Saudi Aramco opened at 34 riyals ($9.06), its lowest since it began trading on Dec. 11, putting the market value of the company at around $1.8 billion, down from a peak of $2.06 trillion on Dec 12.
Aramco’s shares fell in the final couple of weeks of 2019 because reality kicked in among investors, but the recent weakness was caused by geopolitical tensions, said Jason Tuvey, a senior emerging markets economist at Capital Economics.
Aramco shares are down almost 12 per cent from a high of 38.70 riyals on Dec. 12, but still above the IPO price of 32 riyals, which valued the company at $1.7 trillion.
Gulf stocks were also pulled down by the conflict between the United States and Iran, which attacked US targets in Iraq on Wednesday after a US drone strike last week killed the Iranian commander Qassem Soleiman.

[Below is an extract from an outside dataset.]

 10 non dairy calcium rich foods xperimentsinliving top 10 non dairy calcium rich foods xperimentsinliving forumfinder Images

But bonds issued by Gulf governments were fairly stable, and credit default swaps – used to insure against the risk of a sovereign debt default – were unchanged.

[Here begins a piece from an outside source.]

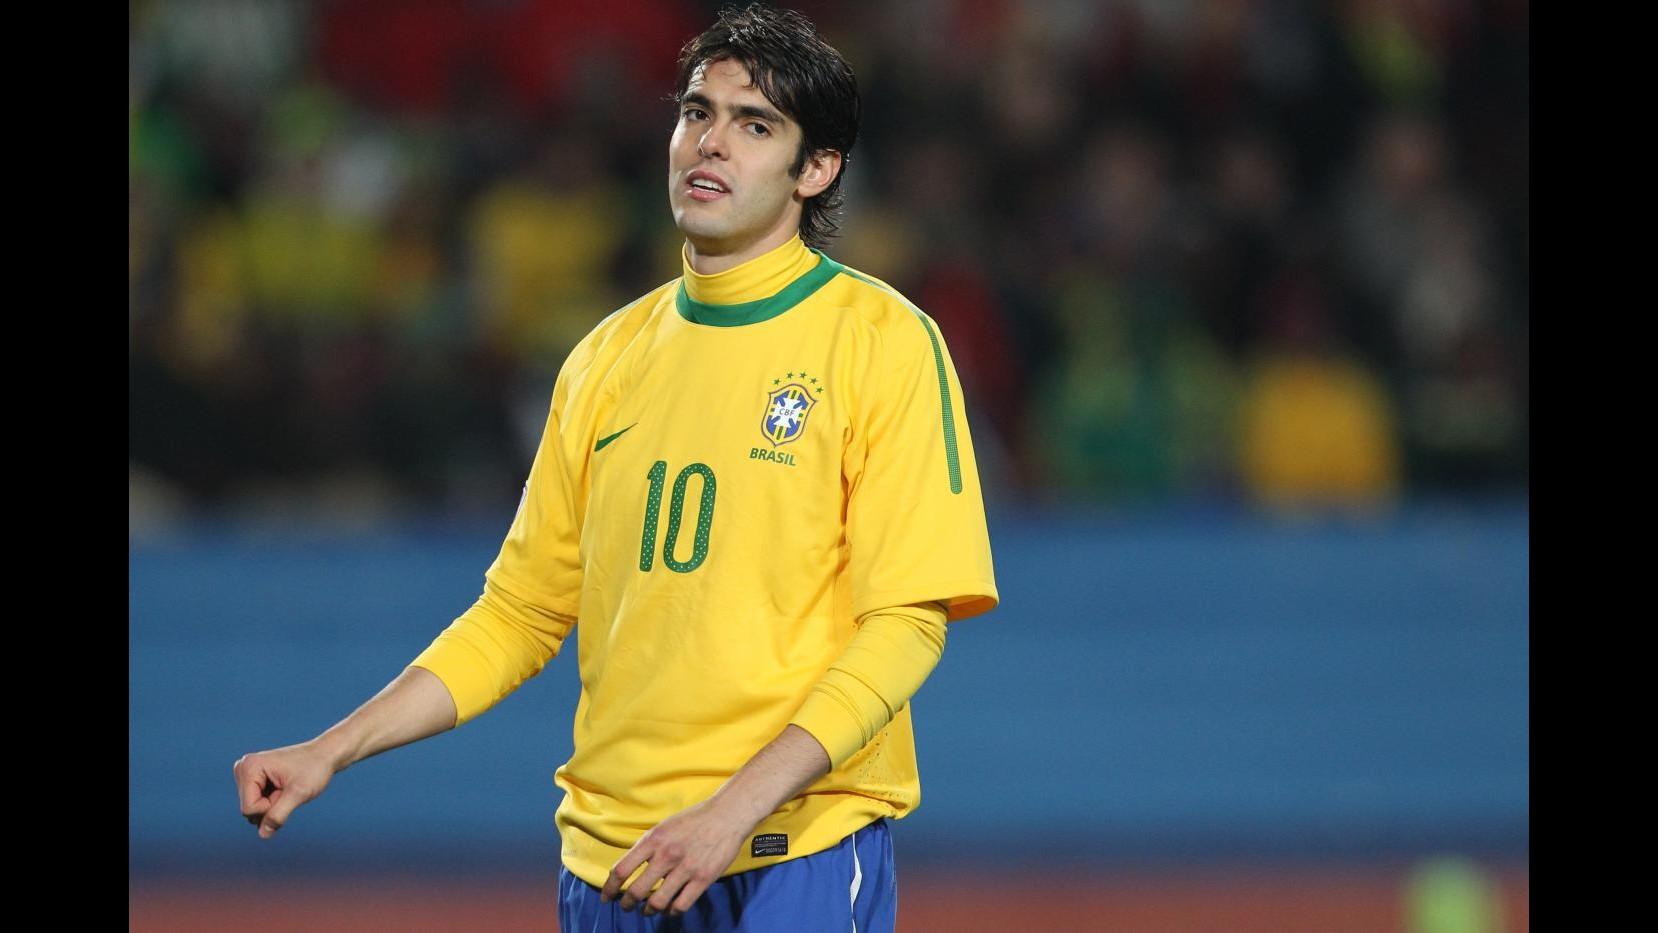 Brasile: Kaka torna in Nazionale, Castan unico 'italiano'

“The Iran retaliation seems to be a non-escalation, which is why the markets are not widening. I think once this is confirmed, we might see a small relief rally in the region,” said Zeina Rizk, director of fixed income asset management at Dubai’s Arqaam Capital.
Bonds issued by Saudi Arabia – Iran’s regional foe – were only marginally weaker, particularly on the long end of the curve. Five-year CDS conventional spreads were up only 1 basis point, according to IHS Markit.

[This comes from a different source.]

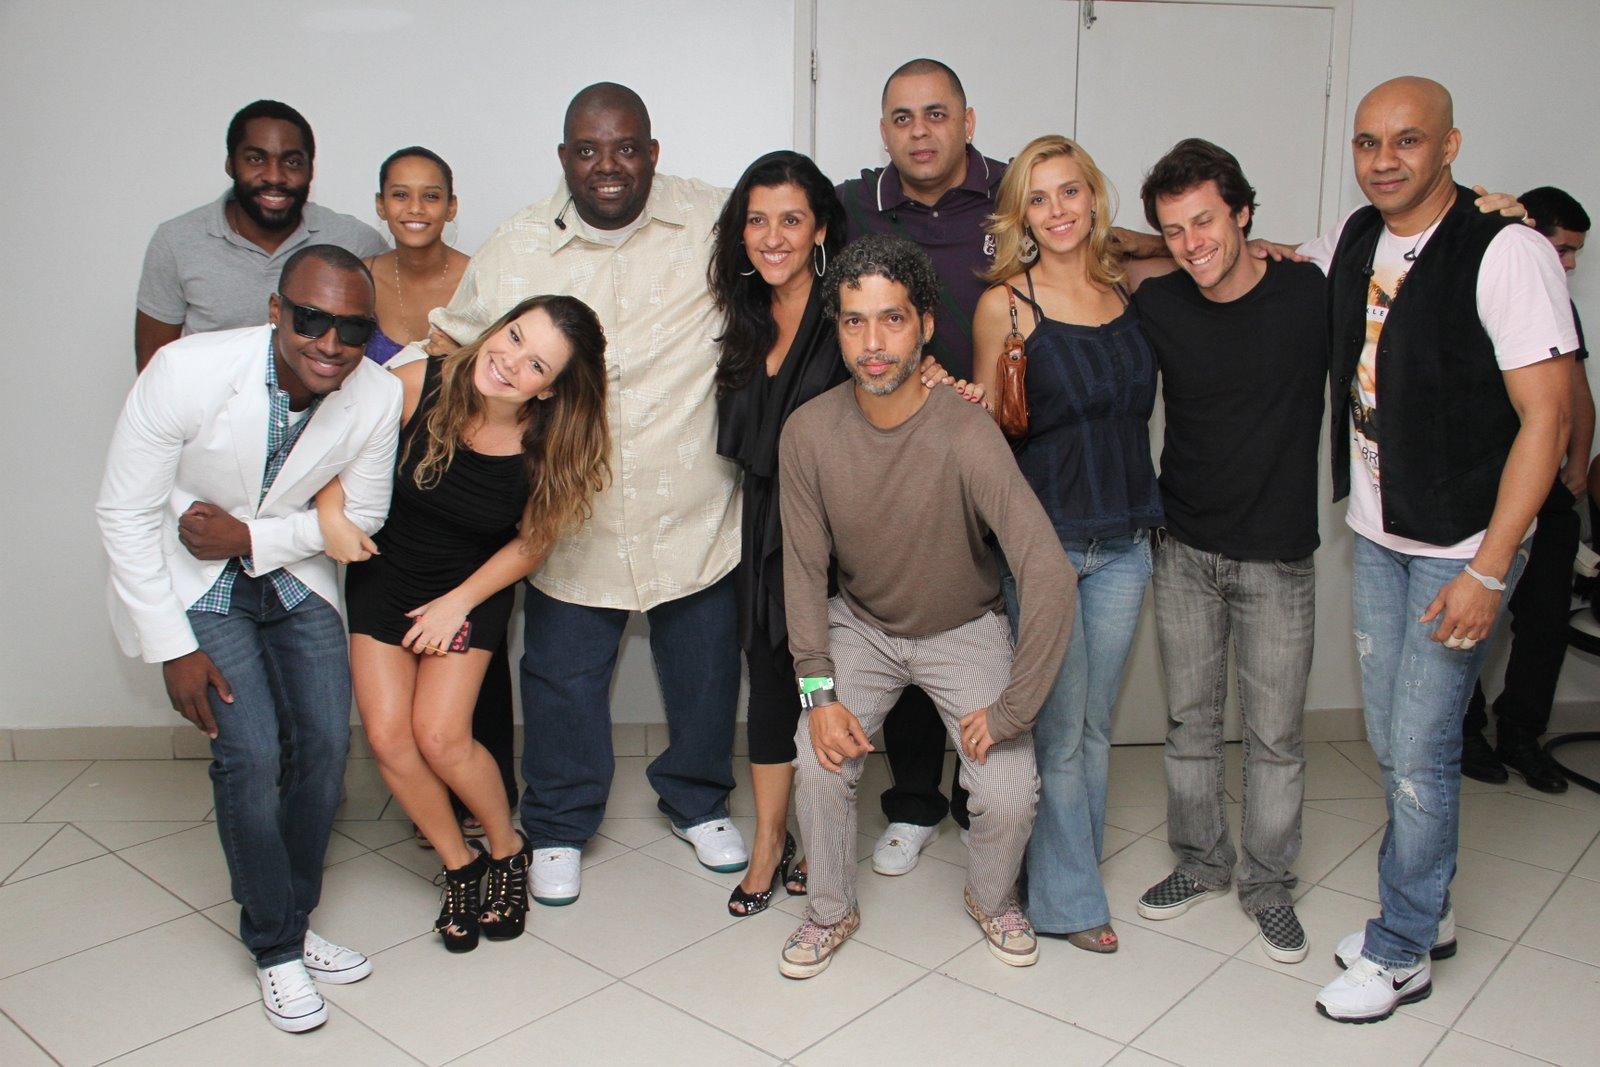 Exaltasamba recebe famosos no camarim após show no Rio

Aramco said on Tuesday Goldman Sachs may stabilise its shares, but so far no price stabilisation transaction have occurred since the stock began trading. The stabilisation period ends on Thursday.
Aramco raised $25.6 billion in its IPO, making it the biggest flotation in the world, exceeding Alibaba Group’s $25 billion deal in 2014. But foreign investors were wary of investing in Aramco because of concerns over valuations.
“The tensions between the United States and Iran is one of the risks people saw with concentrated operations in the Middle East,” said Oswald Clint, senior analyst at Sanford C. Bernstein.
Aramco’s facilities were attacked in September in a strike that temporarily shut down 5.7 million barrels per day of output – more than 5 per cent of global oil supply.
Morningstar, which initiated its coverage of Aramco last month, said its fair value of Aramco was $1.4 trillion.